Sorry I'm slow to reply to this. Just wanted to say thanks for the link-it looks really interesting and certainly resonates with me. Hope the cd is helping you. I've taken it repeating positive mantras-taking out the word trying-when I'm walking home. Might make me look mad but heh ho!


----------



## cherries (Jan 14, 2014)

Hiya

Must admit I haven't actually got around to listening to the CD yet!!  
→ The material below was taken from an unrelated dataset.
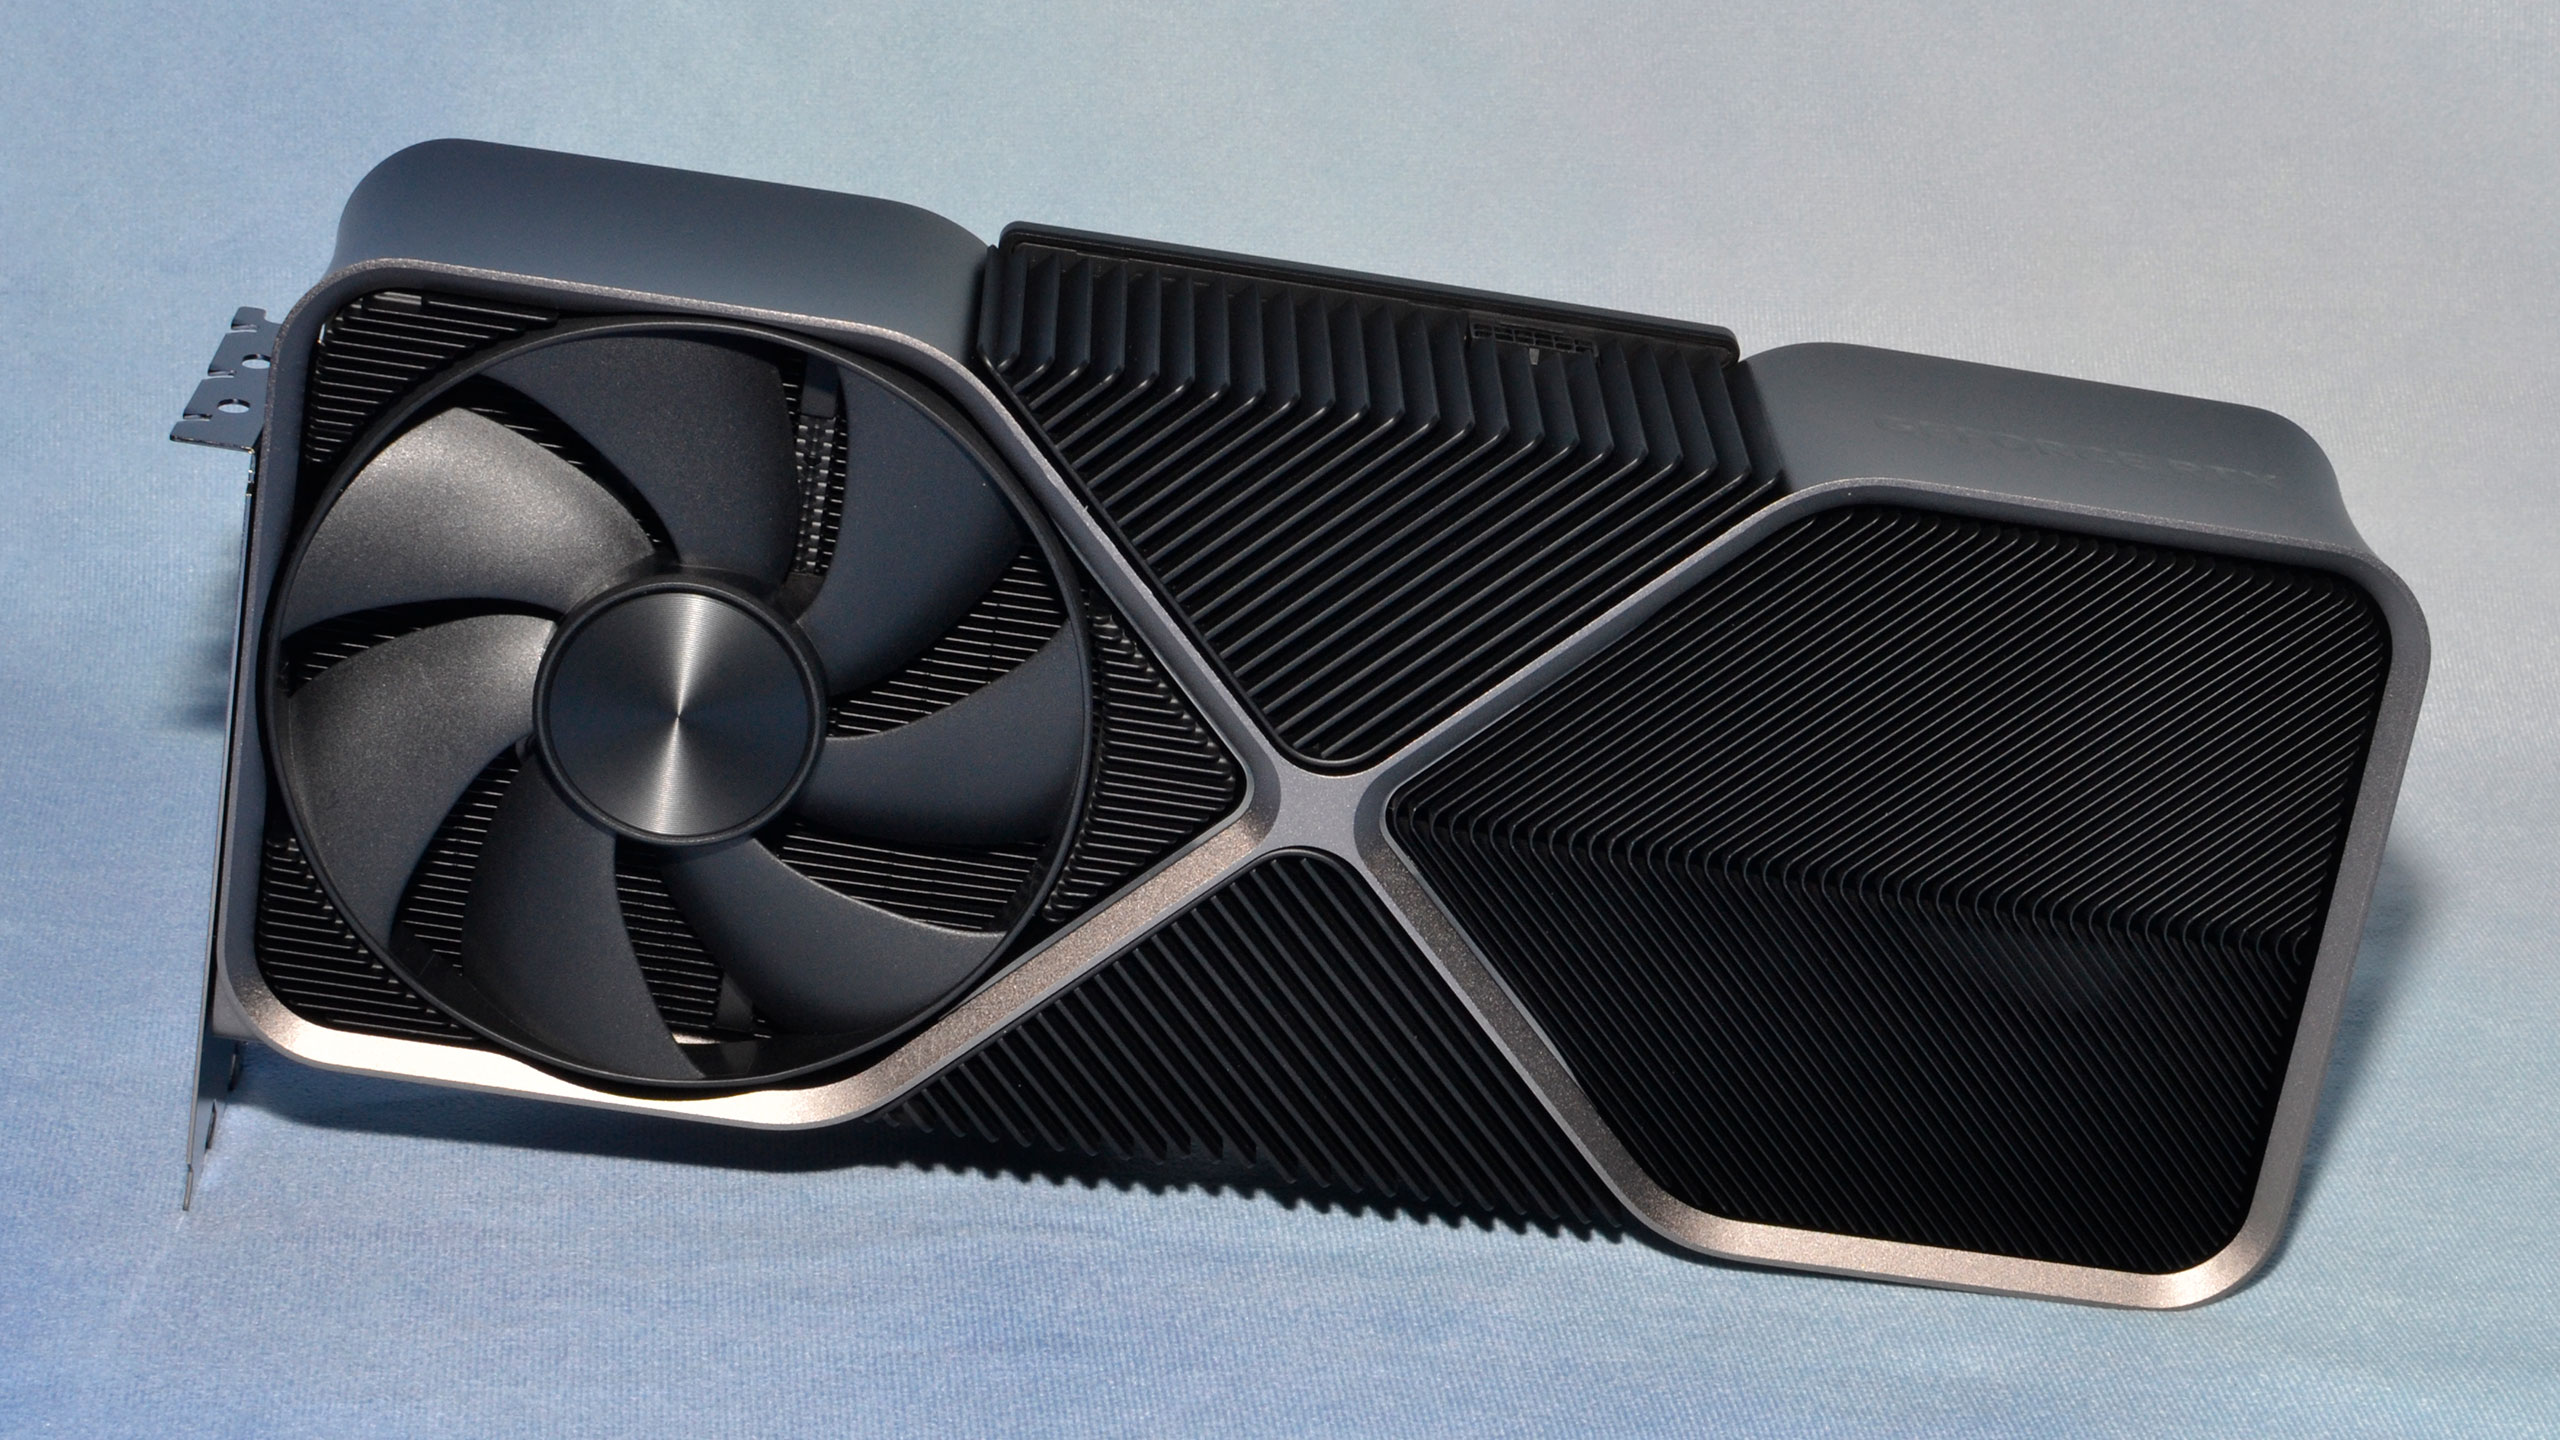 NVIDIA GeForce RTX 4080 ist viel schneller und energieeffizienter als GeForce RTX 3080 - erste Tests der 1199 $ teuren Grafikkarte veröffentlicht

I will get around to it but I've been busy lately with various things - wedding, BBQ, shopping, training for a 5k run!!!!! I must be mental   but it's to raise money for Sands (the Stillbirth And Neonatal Deaths charity) in memory of my sisters Angel baby that she lost 3 years ago. I'm running on 24th August (2 days after another wedding do!) and sis is running it too. I know we could walk it and still raise money but it's a personal challenge for her to show her angel that she can achieve something she puts her mind to (with a little effort), bless.. and for me, I want to be able to run it (well, jog!) just because. I used to love sport in school but for the last 20 years I haven't really done regular exercise. But after going through counselling, CBT and EMDR for mental health issues over the last 12 months, am determined to keep up with self-care, which is quite easy to neglect when you're so busy looking after others, and one of those ways of employing self-care is exercise. And it certainly won't do me any harm getting fit and losing weight  

I've also got a holiday booked mid-October so I've certainly got other things to focus on which will help with reducing the obsession of TTC  

Just editing to add in that I finally got around to asking for follow-up appointments and apparently the hospital will arrange a follow-up with the scientists first and also the doctors - woohoo..... this wasn't anything to do with being lazy or busy though, it was a self-esteem thing, so I'm chuffed that I actually made the call


----------



## simone546 (Dec 25, 2011)

Hiya, just a quick one from me. I'm sorry about your failed cycle and mc, no one should have to go through this. I have a couple of suggestions:

Try getting as many level 1 tests out of your gp as possible. They're cheap tests and if you explain the situation they really should help. I think it would be reasonable to ask for: full blood count ( and glucose for insulin resistance), esr and crp for inflammation, thrombophillia screen (they prob won't do the genetic tests but others should be ok), thyroid check, antinuclear and antimitochonrial antibodies. 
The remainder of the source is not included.